Keywords: delay minimization; network reliability; delay minimization routing (DMR); cooperative delay minimization routing (CoDMR); underwater WSNs delay minimization; network reliability; delay minimization routing (DMR); cooperative delay minimization routing (CoDMR); underwater WSNs

1. Introduction

Underwater WSNs has become an interesting discipline for research because of the exclusive applications. Such a network has sensor nodes usually deployed in an irregular fashion in the underwater environment. Main nodes known as sink nodes are positioned over the top of the ocean environment. The sensor nodes have the ability of reception and processing information and communication with the main nodes for variety of applications e.g., monitoring of the underwater environment, ocean sampling, assisted navigation, offshore exploration and tactical surveillance [1,2].

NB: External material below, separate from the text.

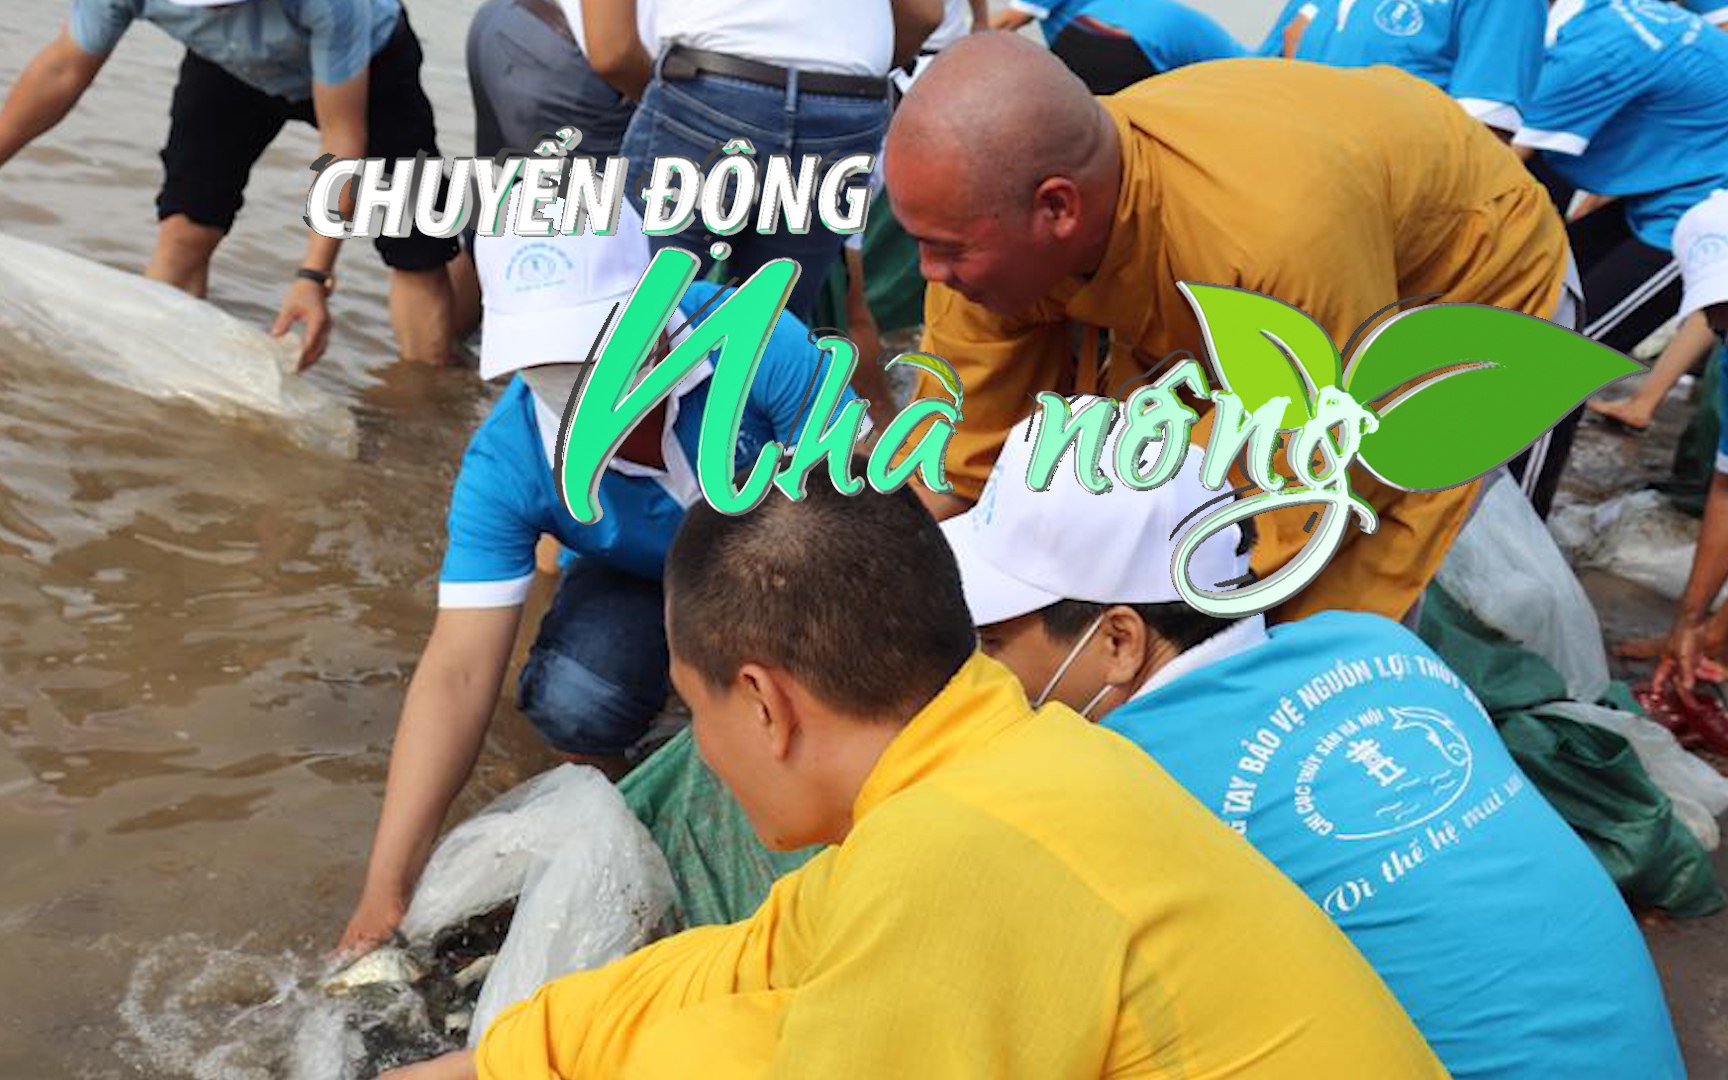 Chuyển động Nhà nông 30/7: Hà Nội thả 10.000 con cá giống tái tạo nguồn lợi thủy sản

Designing the routing protocols for underwater WSNs needs to overcome some challenges. The nodes under the ocean environment are constrained with the limited power of batteries, which are costly to be changed or replaced [3]. The acoustic channel has limited bandwidth. The acoustic signal propagates at low speed in the acoustic channel, which results in high propagation delay [4], as sea water affects radio waves in a severe manner.

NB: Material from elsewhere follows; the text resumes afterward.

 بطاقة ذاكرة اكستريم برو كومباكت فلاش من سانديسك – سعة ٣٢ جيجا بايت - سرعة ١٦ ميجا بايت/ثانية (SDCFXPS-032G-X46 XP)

Minimizing end-to-end (E-2-E) latency is critical in underwater WSNs, as this parameter is involved in many applications (oil leakage, submarine tracking and detection) to send the encoded information with small delay to the desired destination [5,6]. Latency becomes more critical in dense underwater WSNs where a large number of nodes have to interact with high data volume. If low latency paths are not chosen, the probability of loss of the high data volume increases, as data interacts with sea channel for long time. Several protocols have been proposed for delay minimization such as in [7]. However, delay is minimized at the expense of network reliability. Likewise, in [8], three routing algorithms for delay minimization are introduced by considering a weight function of lowest depth, holding time and the depth threshold. These algorithms achieve minimum delay but lose the throughput of the network.

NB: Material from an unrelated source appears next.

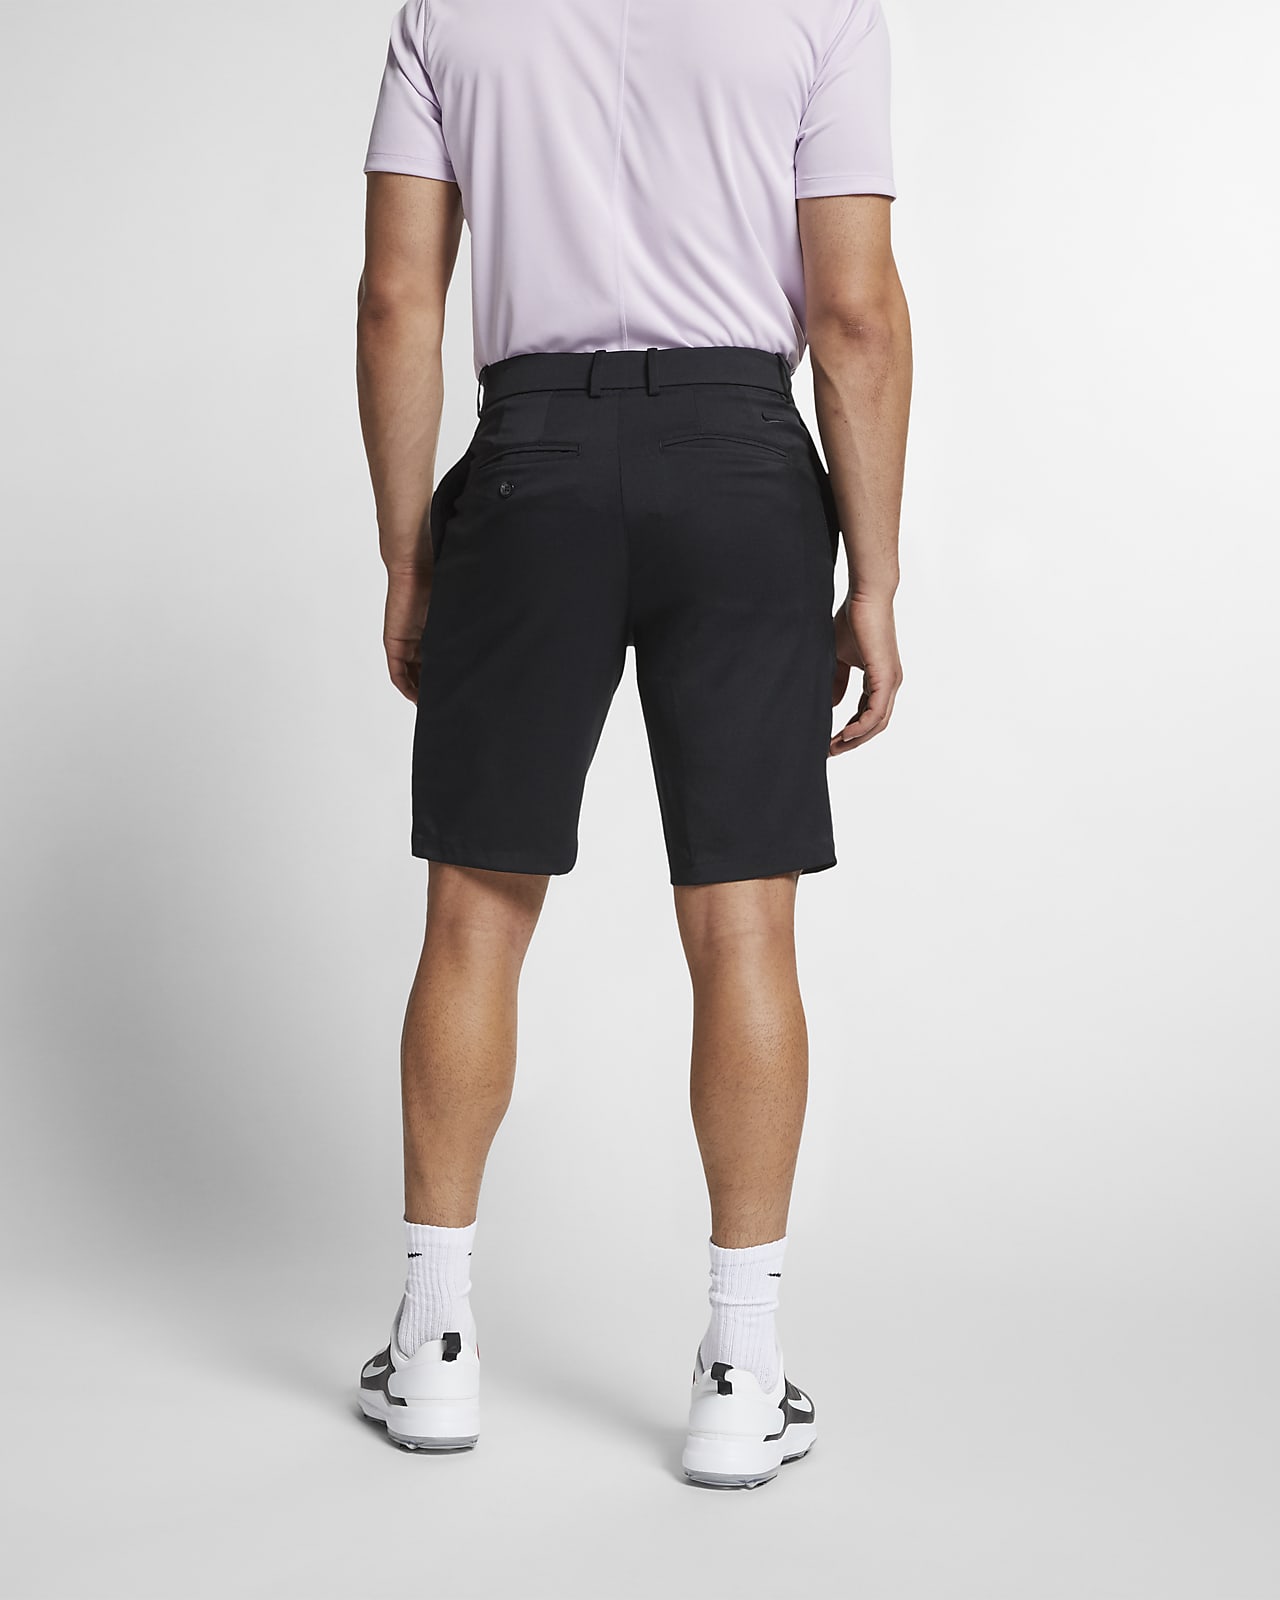 nike flex shorts golf

Another challenging task in the underwater WSNs is the data reliability. This becomes more important for dense networks where a large number of nodes interact. For securing the data reliability, cooperative communication provides one of the effective solutions [9]. The data reliability is crucial in military and data related applications [10]. However, because of the unavoidable characteristic of the sea channel, it is challenging to achieve a reliable network with small communication delay [11]. Reliability is further threatened as the density of the network enhances, as it causes data loss due to packets overhead. For packets reliability, the authors in [12] present a cooperative algorithm, where the fitness function is calculated in terms of lowest distance between the nodes and lowest depth information. However, it produces a high delay during packet forwarding. Another cooperative scheme is presented in [13], where the forwarder node is chosen on the basis of lowest depth. However, it consumes high energy due to the cooperation of two relays contributing in packet forwarding which also brings high latency.
This paper designs two routing schemes for dense underwater WSNs. The first one is termed as the DMR protocol. For the sake of reducing latency, the network division in DMR is done in four equal segments and each segment has its own minor sink node to receive data from sensor nodes. This mechanism avoids reaching data to top ocean surface using multi-hopping, which shortens the latency, especially when the data volume is high with a large number of nodes in the network (dense network condition). Unlike the conventional approach, the placement of minor sink nodes in independent of the geographical knowledge of the position of nodes using a timer based operation. Data sent over a single link in DMR has reliability issue, especially if the link is worse affected by sea channel. Therefore, to add data reliability, cooperative routing is added to the DMR protocol that constitutes the CoDMR protocol. In CoDMR, the nodes closer to the minor sink node send information directly towards the sink node. When the sink node is away from the transmission range of the sensor nodes, they send information to the minor sink nodes through cooperation with a single relay. In each zone, the node having lowest distance with respect to the sink node is considered as the destination node. The relay node has the second lowest distance from the sink node. The destination node receives the information from source and checks its bit error rate (BER), if it exceeds the desired threshold then sends a request (REQ) towards the relay node. The relay node amplifies and forwards (AF) the information bags and then sends to the desired destination node. The destination combines the received data bags using fixed ratio combining (FRC) technique. This process is continued for all regions. The sink nodes in the lower regions send their data bags to the sink nodes in the upper regions, that further forward the data bags to surface sink.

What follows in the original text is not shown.